# Tank & Anemone HELP.. pretty sure it's sick



## Steve1505 (Feb 24, 2015)

*reef tank help*

Hey everyone

so I when i went to sleep last ngiht everyone was happy and healthy parameters were stable and no issues.

this morning I woke to find the first (hopefully the last ) death in my tank. my flame angel was laying on its side. i thoroughly inspected it and couldn't find any diseases.

i looked at all the other livestock and foudn my flame BTA was looking completely out of it. its mouth looked as if it was inflmaed (no pun intended). I know they purge themselves but this guy has done that before and it did not look like this.

So i have three questions basically.
1. can anyone help with diagnosing my flame BTA issues.
2. Why would a happy flame angel that was eating and swiming with no issues the day before just drop dead
3. any suggestions on ways to reduce nitrates.

The tank is 30 gallons and has been set up for just about over 6 months now. I`m religious with water changes, checking parameters and good husbandry

i know some wont like this but I do not have a sump and utilize a canister filter. 65 gallon coralife protein skimmer and have about 40lbs of live rock with a good amount of coralline and green calcerous algae.

I use the current orbit marine LED for lighting.

Water Params are as follows;

Salinity: 1.025
PH: 7.8 this morning yesterday was 8.2
Ammonia: 0.15ppm (using api test kit it's in between the .25ppm and 0ppm)
Nitrite: 0ppm
Nitrate: 40ppm (these have been creeeping up lately. use to have it stable around 5ppm) 
calcium: 440ppm
Alkalinity: 9 dKH
Phosphate: .08ppm
Magnesium: 1400ppm

any help would be sincerely appreciated. I have attached 3 pictures of the flame and two of the tank. and i apologize for the crappy quality. Iphones clearly arent made for pics


----------



## y4zhuang (Oct 2, 2013)

when in doubt. do another water change. always a good idea to do a wc after a fish dies. with 40 ppm nitrates, maybe a good idea. I'd wait to see if your nem recovers. It doesn't look bad, water change if you're concerned.


----------



## sig (Dec 13, 2010)

nice tank BTW

*100% free webcam site! | Awesome chicks and it is absolutely free! | Watch free live sex cam - easy as 1-2-3*


----------



## Steve1505 (Feb 24, 2015)

y4zhuang said:


> when in doubt. do another water change. always a good idea to do a wc after a fish dies. with 40 ppm nitrates, maybe a good idea. I'd wait to see if your nem recovers. It doesn't look bad, water change if you're concerned.

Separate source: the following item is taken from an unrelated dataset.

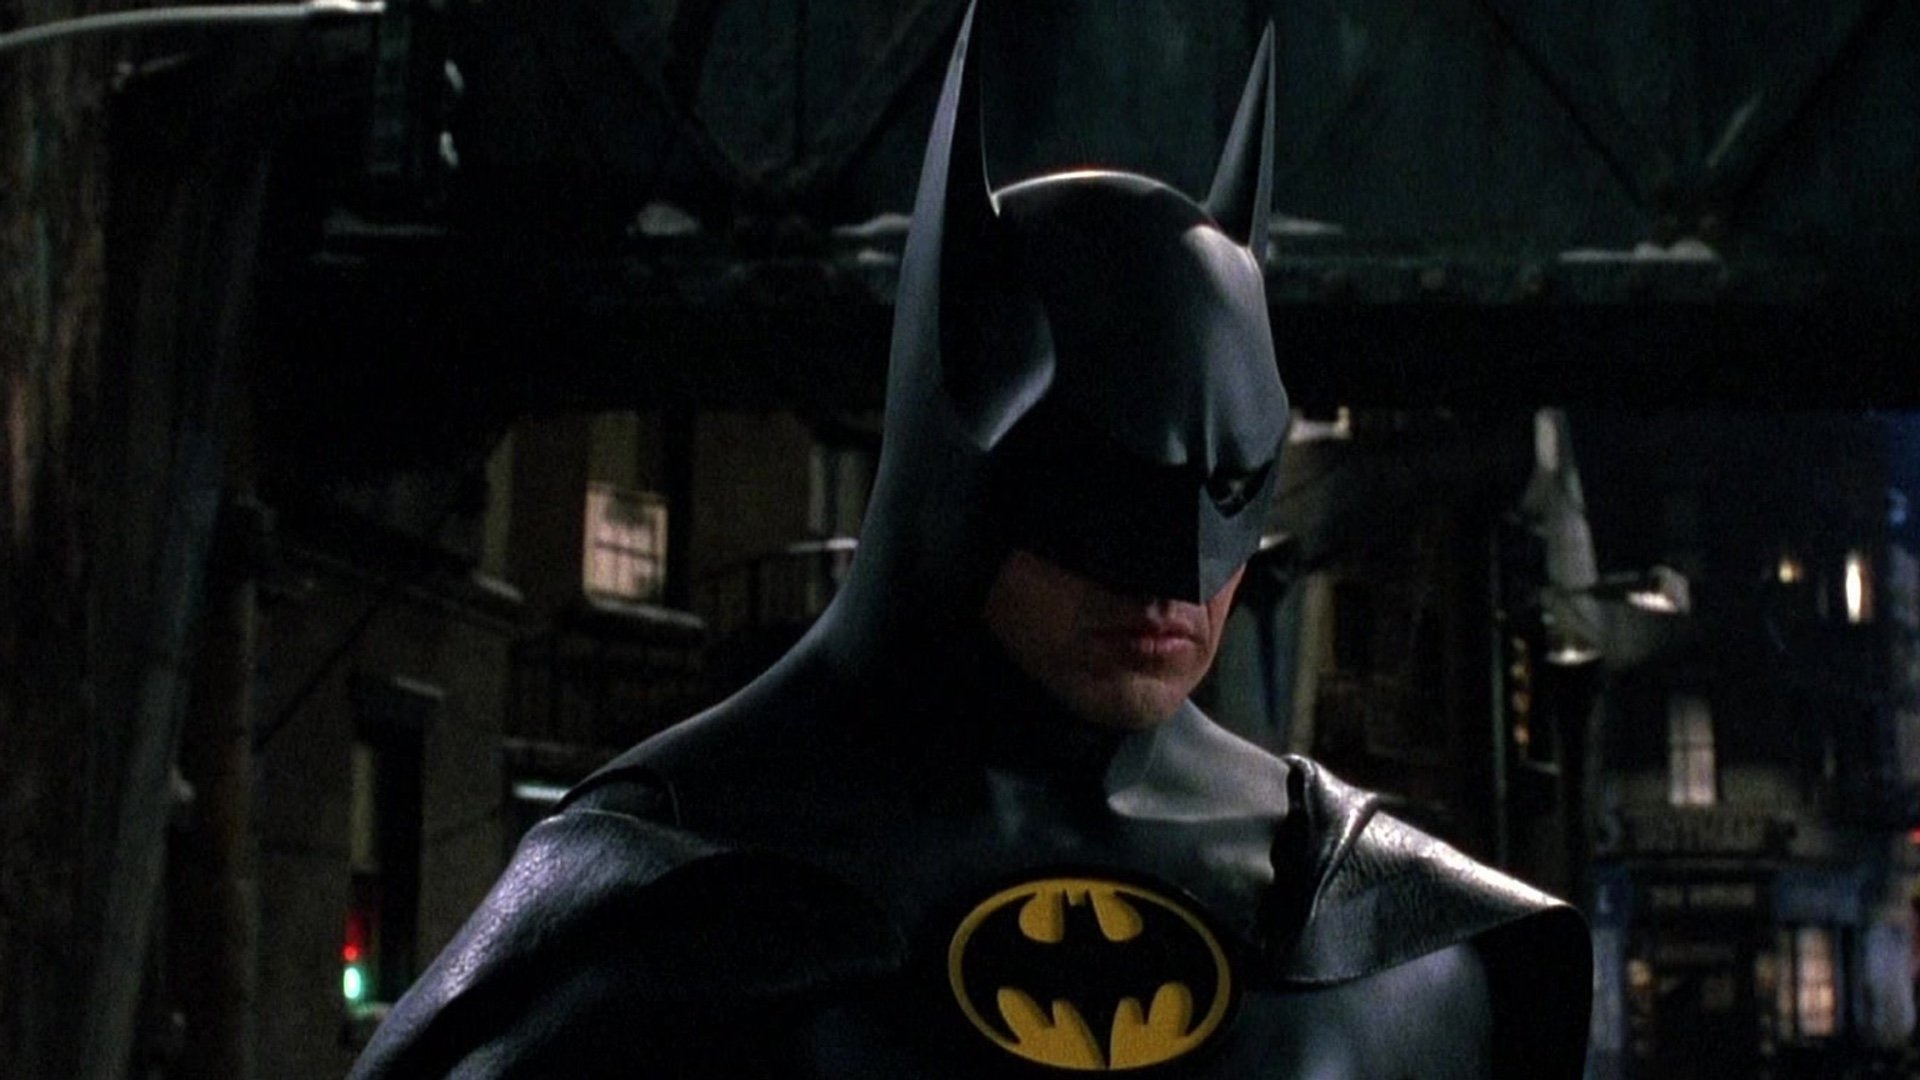 Michael Keaton Teases His Return as Batman in New Photo From BATGIRL Set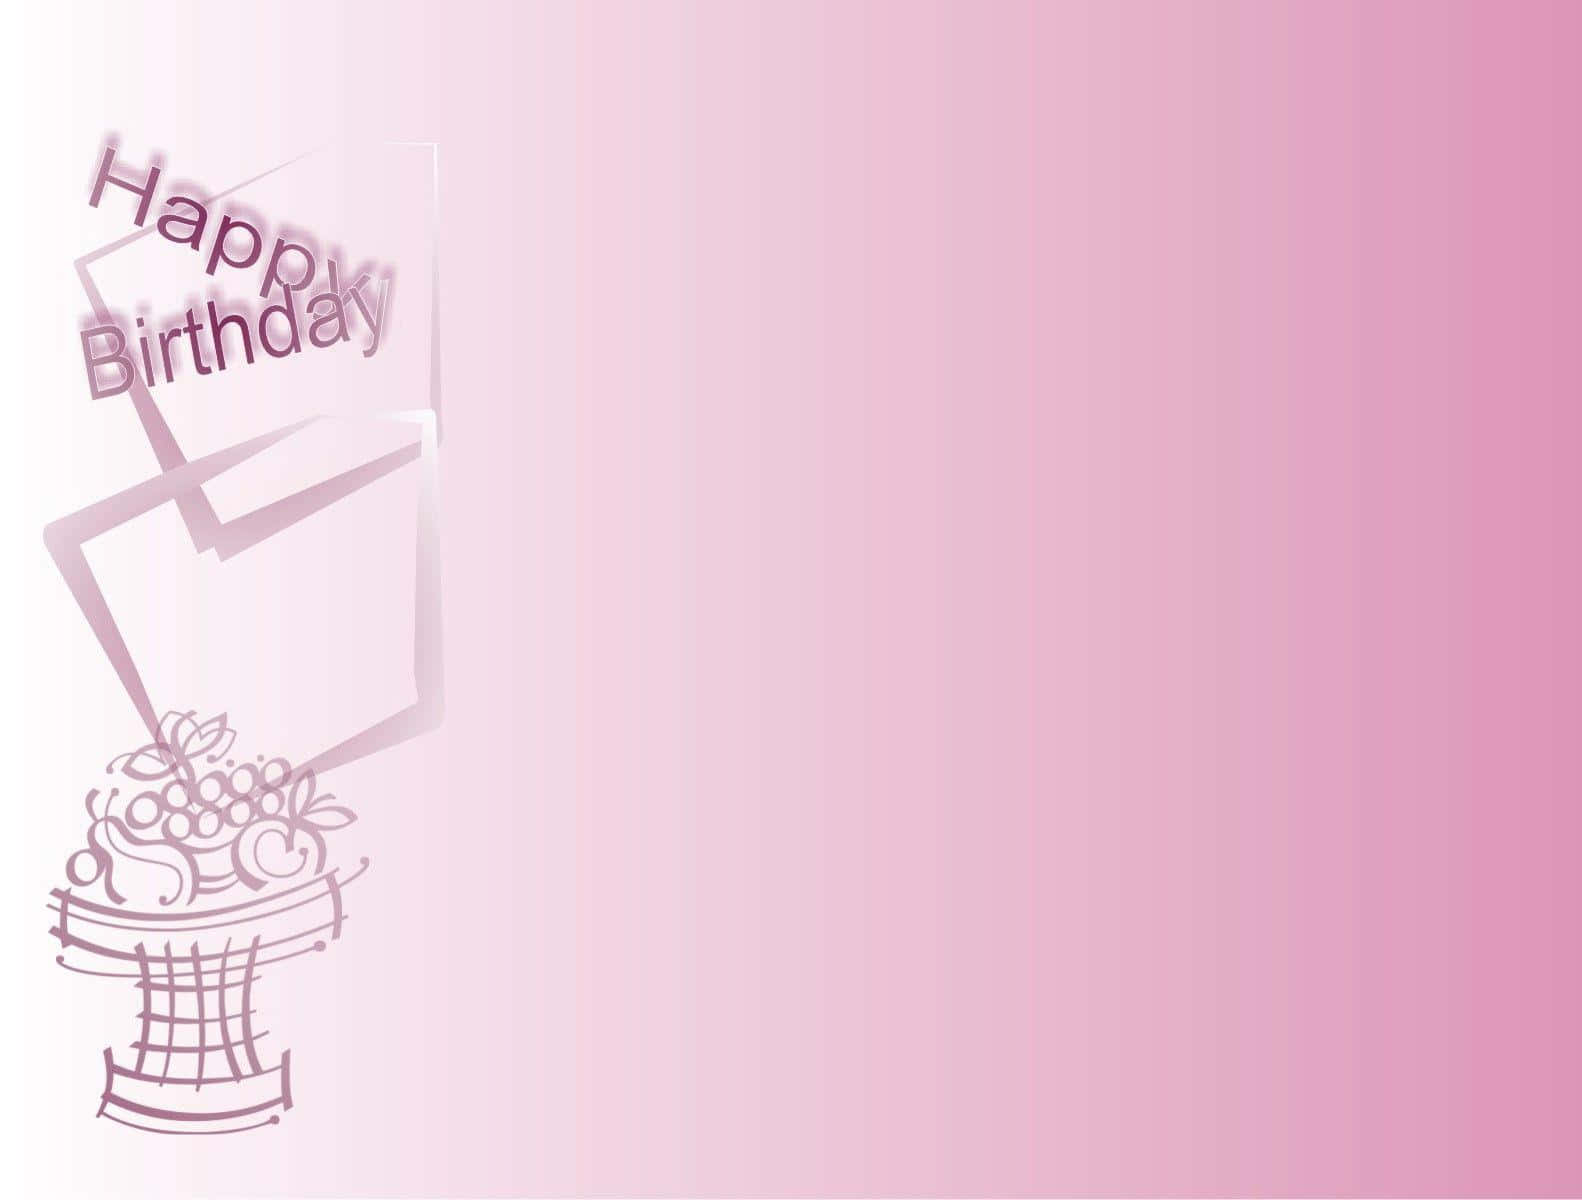 Birthday Wishes Cake Chocolate Heart Cake With Name | Chocolate cake with  name, Chocolate heart cakes, Cake name

thanks should have mentioned that was the first thing i did after testing my params. i wanted to see if those were the cause first but immediately after i changed 25%



sig said:


> nice tank BTW


thanks SIG. much appreciated. not seeing a ton of growth from the corals but i think that has to do with the light. the birdsnest is the only one growing - as fast as i`d like. waiting on the acans to see how they do.


----------



## Bullet (Apr 19, 2014)

Bunch of great nem people on this forum - hope that they chime in to help
Seems like your nitrates are a bit high and canisters have no place in a reef setup IMO 

Sorry for your loss


----------



## nc208082 (Jun 27, 2013)

Couple things right away.
You should have zero ammonia, nitrates are also fairly high these are two bad signs indicating your tank may be too new for an anemone. These creatures are sensitive to water quality. As well your lighting is not strong enough to sustain many corals/ anemone long term.

As well cannister filters are known to be nitrate factories. How often are you cleaning it? 30 gallons is small enough to get by without a sump.

Also how long has your anemone been looking like this? Has it recovered at all yet?


----------



## Steve1505 (Feb 24, 2015)

nc208082 said:


> Couple things right away.
> You should have zero ammonia, nitrates are also fairly high these are two bad signs indicating your tank may be too new for an anemone. These creatures are sensitive to water quality. As well your lighting is not strong enough to sustain many corals/ anemone long term.
> 
> As well cannister filters are known to be nitrate factories. How often are you cleaning it? 30 gallons is small enough to get by without a sump.
> ...


Hey NC. i clean the canister filter bi-weekly as i was told weekly would be too often. the anemone only started to look that way this morning, after i found the daed flame angel. i have ordered new lighting. i read that for the coral i was looking for the low watage led`s weren`t sufficient so i went with a high powered full spectrum system which should be in early next week.

with regards to the anemone. he has settled down quit a bit since i completed the water change this morning.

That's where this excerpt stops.